ECMWF has worked with experts in its Member States to test a new numerical scheme for calculations over the vertical grid in its Integrated Forecasting System (IFS). The results of initial tests are very promising.
“The scheme was originally developed for the limited-area modelling consortium ALADIN,” says Jozef Vivoda, the Head of Numerical Weather Prediction at the Slovak Hydrometeorological Institute (SHMI).
“However, it can work with any model that uses the same approach to atmospheric dynamics. This includes ECMWF’s global Integrated Forecasting System and some other European limited-area models.”
During a two-month visit to the Centre earlier this year, Jozef worked with ECMWF scientists to adapt the scheme to the requirements of the IFS.
Motivation
The IFS employs different numerical schemes to solve the equations describing atmospheric dynamics in the horizontal and in the vertical.
Numerical weather prediction covers the Earth in a grid and makes forecasts for each grid point. Those points are about 9 km apart in ECMWF’s highest-resolution forecasts (HRES). The grid also extends in the vertical, where the atmosphere is divided into 137 levels in HRES. Limited-area models use a finer grid over specific regions to enable more detailed forecasts for those regions.
The vertical scheme uses a finite-element discretisation method. It is known by the acronym VFE (vertical finite element) and was implemented in the IFS in 2002.
The VFE works very well with the vertical grid spacings currently used in the IFS, which range from tens of metres near the ground to several kilometres near the model top. But there are several reasons why ECMWF was looking to review the VFE:
- A new scheme might offer greater flexibility in the chosen accuracy in the vertical
- A new scheme might be better suited for reduced precision in calculations at the same level of accuracy, thus saving on computational cost
- A new scheme may be needed at future higher resolutions, at which the ‘hydrostatic assumption’ is no longer valid, i.e. the assumption that the decrease of pressure with height is balanced by the downward-directed gravitational pull of the Earth.
“Developing a new numerical scheme is difficult and time-consuming,” says ECMWF scientist Filip Váňa, who worked with Jozef on adapting the new scheme. “We were therefore keen to follow up on the work carried out in this field in the limited-area modelling community in our Member States.”
Successful collaboration
Jozef confirms that developing the new VFE for the limited-area modelling community was a major undertaking.

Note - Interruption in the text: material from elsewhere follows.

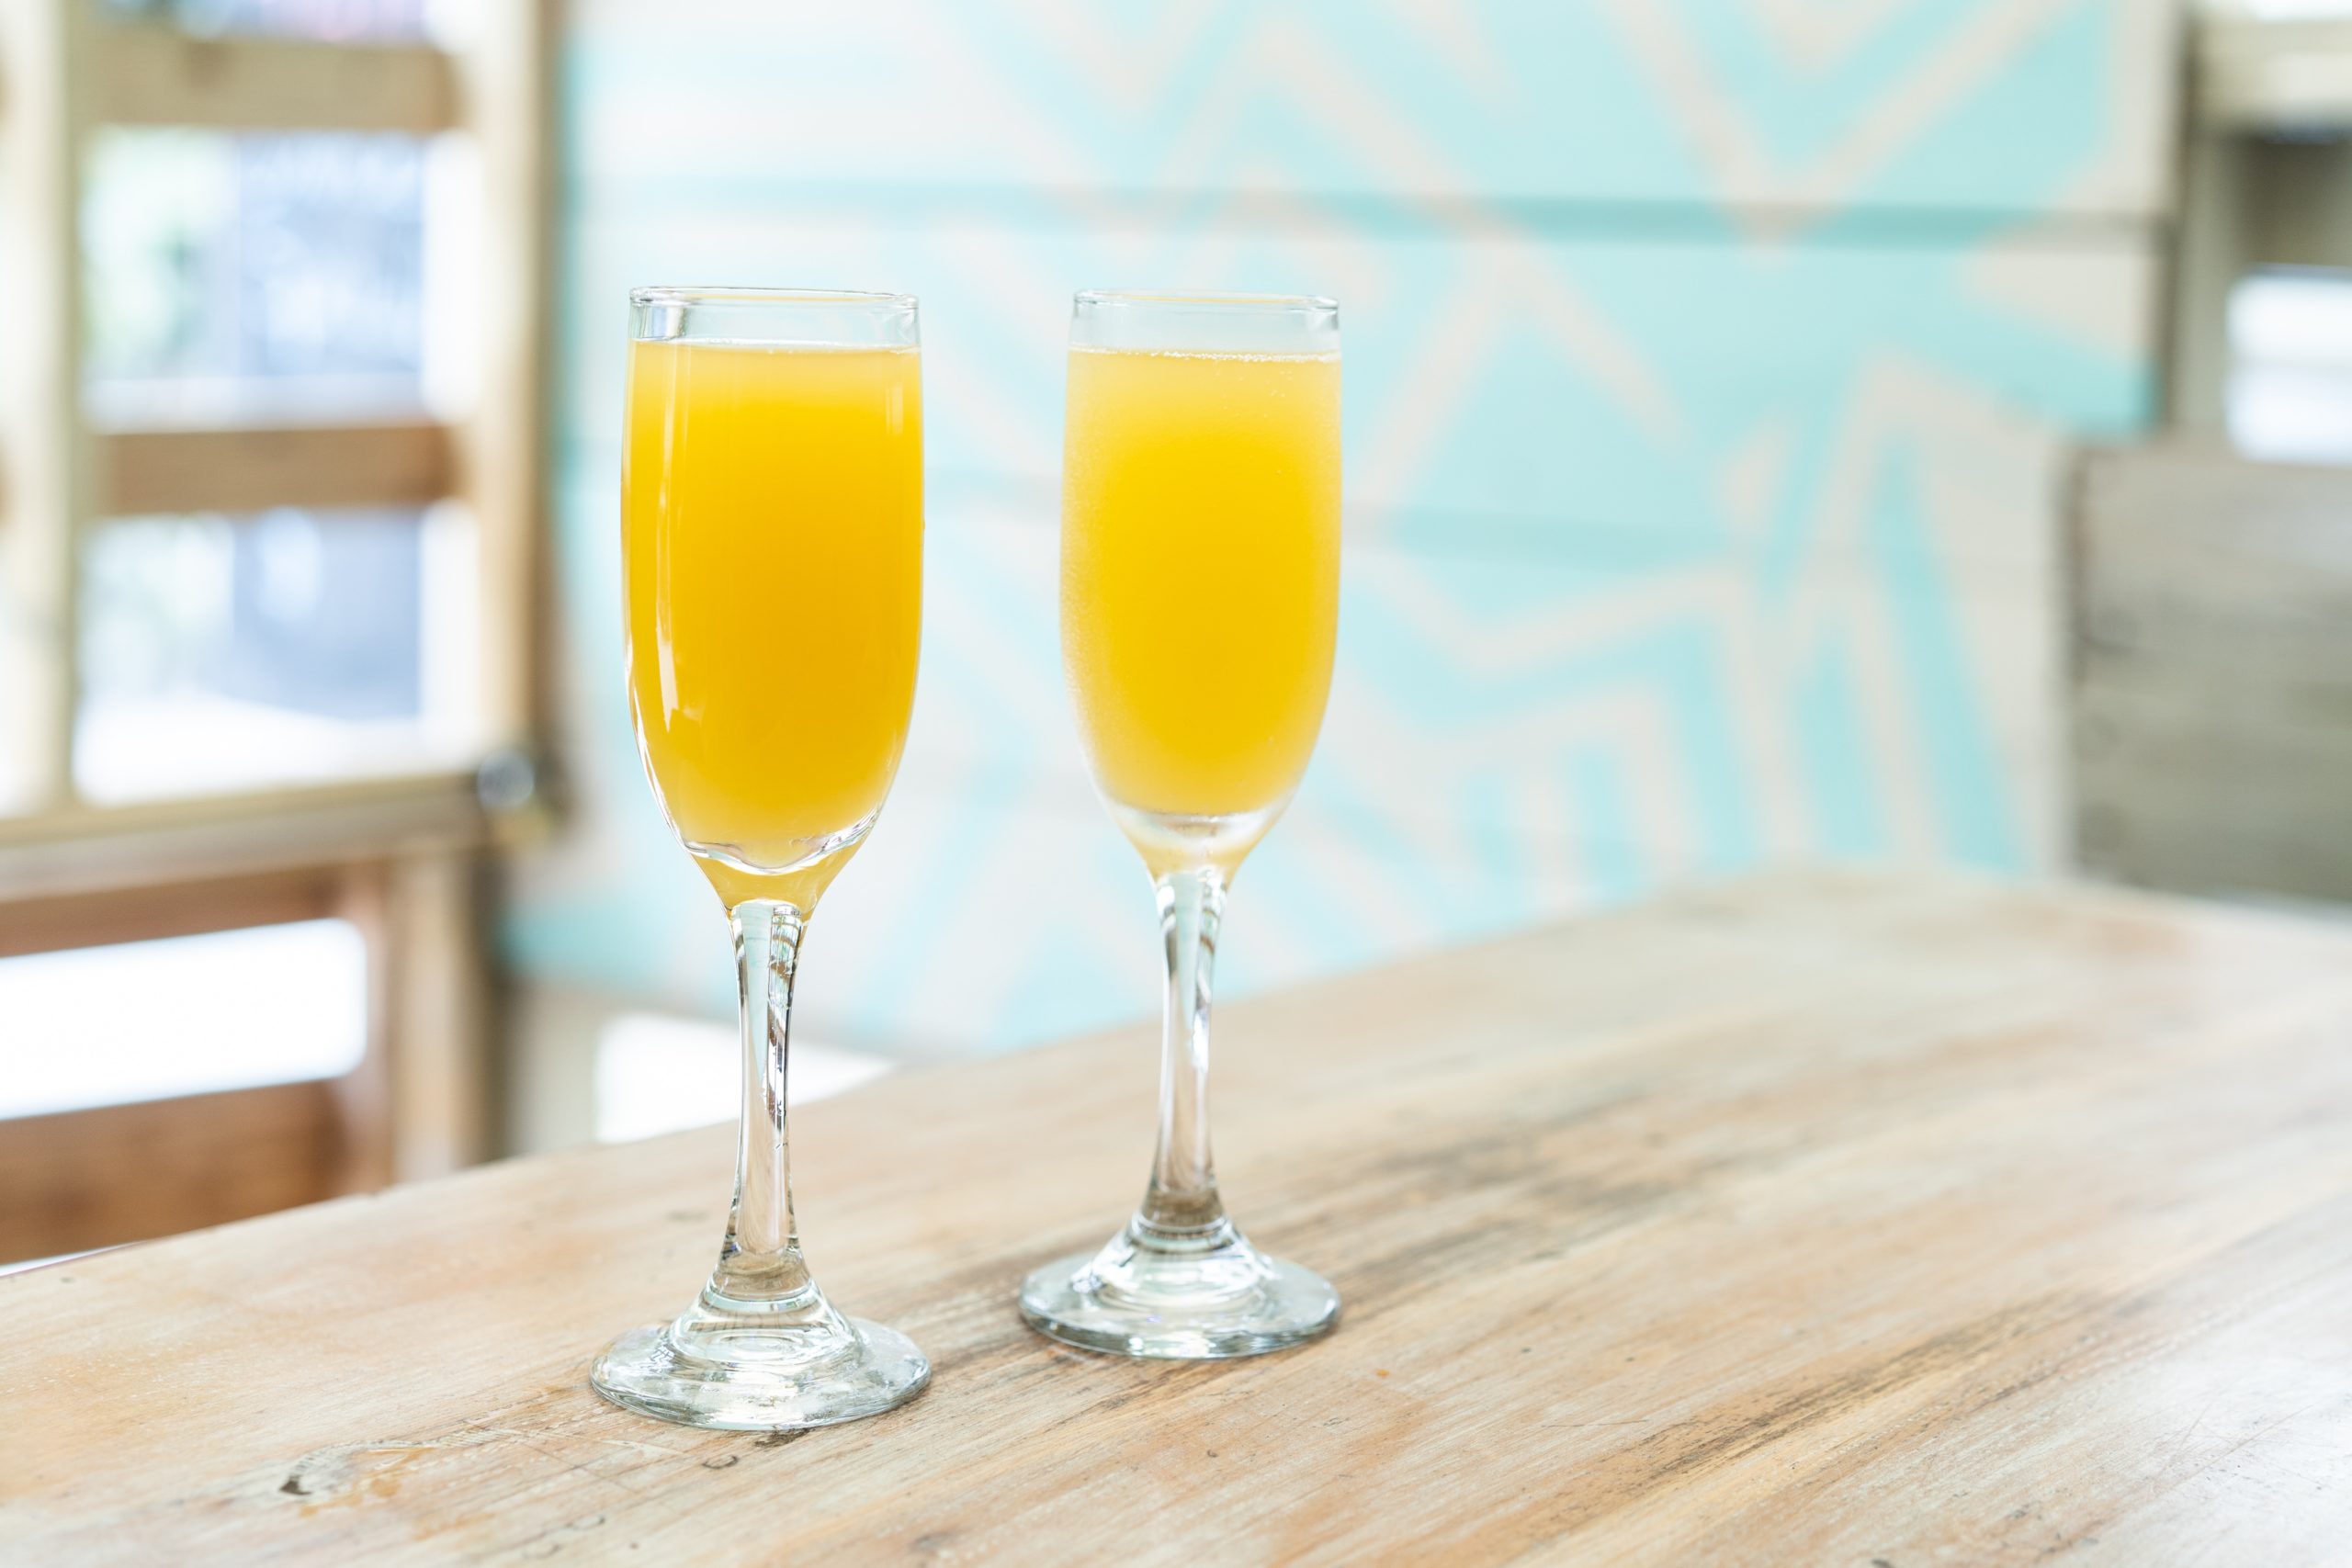 Bubbles Galore: 5 Top Spots for Bottomless Mimosas in Pensacola

“We started to develop it more than ten years ago. I was the lead developer but have collaborated closely with Petra Smolíková from the Czech Hydrometeorological Institute (CHMI). We also collaborated with Spanish colleagues and visited Spain to drive the development of the scheme forward.”
Jozef’s objectives during his visit to ECMWF were, first, to implement the new VFE in the hydrostatic IFS, and second, to try to run the scheme in a nonhydrostatic version of the IFS.
“The benefit of using our scheme in the hydrostatic IFS is that it enables greater flexibility, with the potential for higher accuracy in the vertical,” he explains.
While the new VFE was originally developed to work with nonhydrostatic models, Jozef is pleased that he has been able to test it with the hydrostatic IFS. “This forced me to review some basic choices I had made in the nonhydrostatic case,” he says.
Filip agrees that this was a very successful visit for both sides. “A global model is an excellent tool for numerical scheme development as it offers much better control compared to limited-area models. From this point of view, the visit was also beneficial to the limited-area community.”
Outcomes
During Jozef’s visit, it was shown that the new scheme offers several benefits for the IFS at the same computational cost: higher accuracy in the vertical discretisation; smaller sensitivity to the model’s vertical resolution and numerical precision; and the ability to use the same vertical discretisation in the modelling of hydrostatic and nonhydrostatic dynamics.
To test the latter aspect, ECMWF recently ran a 10-day forecast at a grid spacing of 5 km with the new nonhydrostatic VFE for Hurricane Dorian, which struck the Bahamas in September 2019, and compared it with the equivalent hydrostatic forecast using the new VFE.
The charts show maximum 10 m wind speed for a 10-day forecast of Hurricane Dorian, starting from 12 UTC on 31 August 2019, at a grid spacing of 5 km, for every 12 hours starting 12 hours into the forecast. The left-hand panel shows the forecast using the hydrostatic IFS with the new VFE and the right-hand panel the forecast using the nonhydrostatic IFS with the new VFE. Both forecasts were run in single precision, using the same time step of 240 s and, where applicable, identical settings for model dynamics.
“As the figure shows, the forecasts are remarkably similar up to day 5 and produce similar results even at forecast ranges beyond that,” says Michail Diamantakis, the Head of the Numerical Methods Group at ECMWF. “They also agree very well with the observed hurricane track, indeed better than ECMWF’s operational high-resolution forecast.”
Based on very encouraging results in first tests, it is anticipated that the new VFE will replace the existing scheme once it has been extended to and carefully tested for all configurations used at ECMWF.